La literatura tampoco les hizo justicia y, desde el novelista británico H.G. Wells hasta prácticamente la actualidad, con algunas honrosas excepciones, como el conmovedor relato de Isaac Asimov El niño feo (1958), ha fijado en el imaginario popular una imagen deformada y brutal de los neandertales.

Durante muchos años nadie fue capaz de imaginarlos como seres inteligentes, sensibles y compasivos. Hasta que la información obtenida de un sinfín de restos hallados en yacimientos de Europa y Asia, el desarrollo de los programas de diseño por ordenador y el avance de las innovadoras técnicas de dermoplastia ofrecieran, por fin, una imagen más ajustada.

Afirma el autor que los neandertales fueron seres magníficos, que sobrevivieron un cuarto de millón de años adaptándose continuamente. Lejos de ser toscos y salvajes, adornaban sus cuerpos, conocían muy bien el valor de la cooperación, cuidaban a los ancianos e impedidos, enterraban a sus muertos. Y, como sabemos desde hace muy poco, llegaron a desarrollar las primeras formas de arte conocidas.

Los esclavos romanos

Son uno de los grupos humanos más importantes por su número y transcendencia en la vida de Roma, pero no han sido muy atendidos por la historia y, por ello, su voz apenas ha llegado hasta nosotros, apunta Íñigo Fernández. Ni siquiera aquellos que eran instruidos y consiguieron la libertad hablaron de su experiencia servil, quizá avergonzados de un pasado que habían logrado dejar atrás. Son los casos de Plauto, autor de punzantes comedias de enredo, o de Epicteto, el filósofo estoico. Tampoco Livio Andrónico, el fundador de la poesía épica romana, lo hizo; ninguno escribió nada que se refiriera a la esclavitud.

Tampoco los textos de los primeros cristianos aportan demasiado, a pesar, dice el autor, de lo frecuentes que eran entre sus filas la gente de condición servil. Durante mucho tiempo los esclavos han sido invisibles para la historia, y eso que llegaron a constituir en torno al quince por ciento de la población romana y una parte muy relevante de su fuerza de trabajo.

Pese a todo, “hasta hace más o menos un siglo, apenas se había escrito una sola página sobre los esclavos como sujetos con entidad histórica propia”. En opinión del autor, la divulgación tiene una deuda pendiente con la esclavitud de Roma.

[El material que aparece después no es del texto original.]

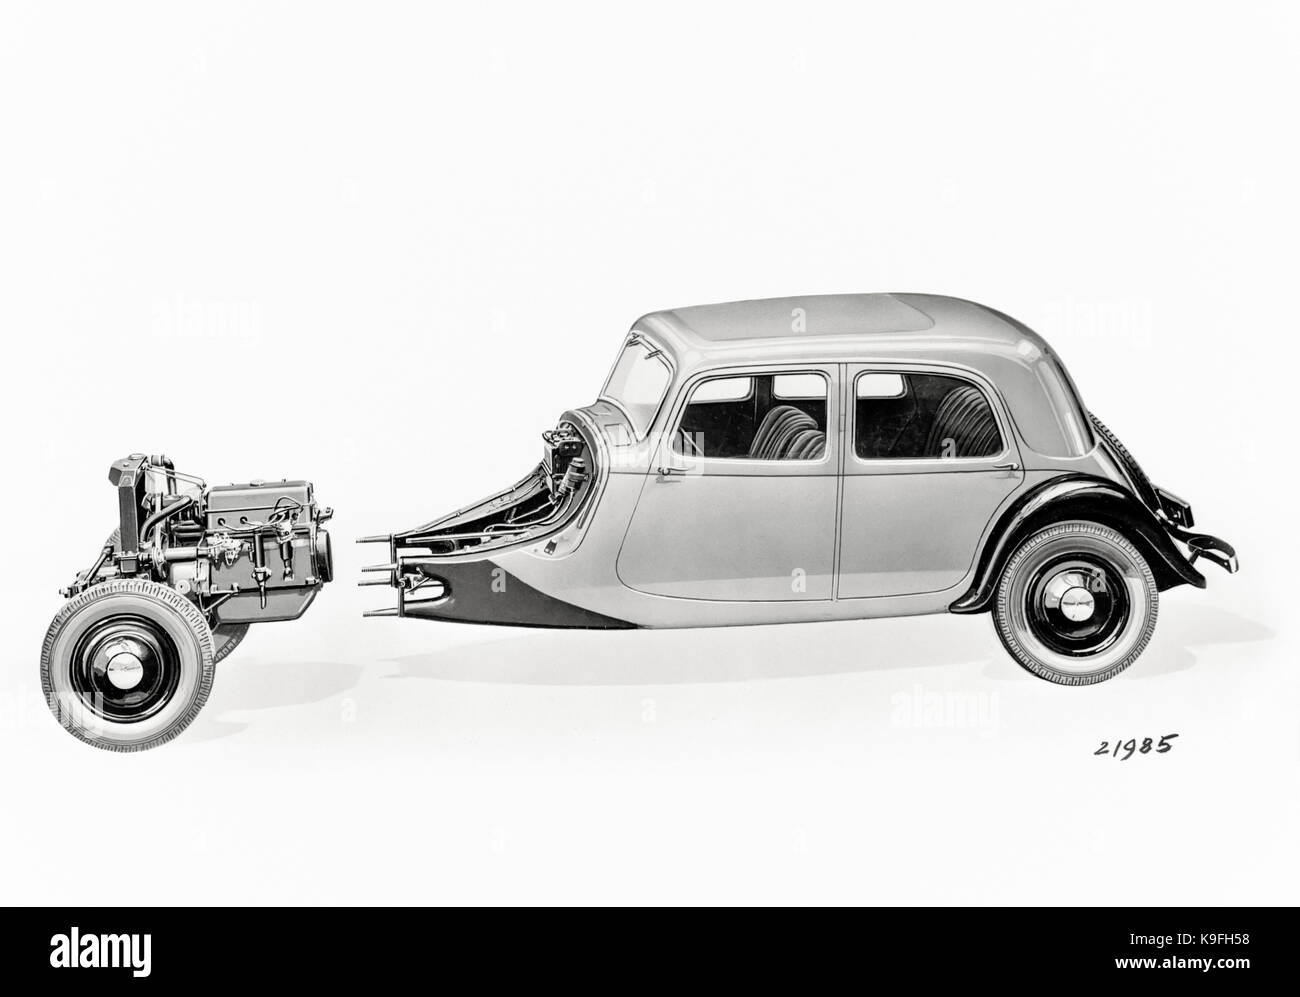 Citroën traction avant fabriqués entre 1934 et 1957. Illustration de ses principales fonctions innovantes, une unité corps avec le pont avant. Banque D'Images

Sin derechos y sometidos a la arbitrariedad de sus amos, no fue hasta el siglo I de nuestra era y bajo el Imperio que se sucedieron las leyes que protegieron un tanto su integridad física. Explica Íñigo Fernández que el emperador Claudio prohibió abandonar a los esclavos ancianos o enfermos; bajo Nerón se vedó a los propietarios que los arrojaran a las fieras si no habían sido condenados por un magistrado. Domiciano, más tarde, declaró ilegal la castración servil, y Adriano acabó con las cárceles privadas de esclavos y prohibió que se les diera muerte sin juicio.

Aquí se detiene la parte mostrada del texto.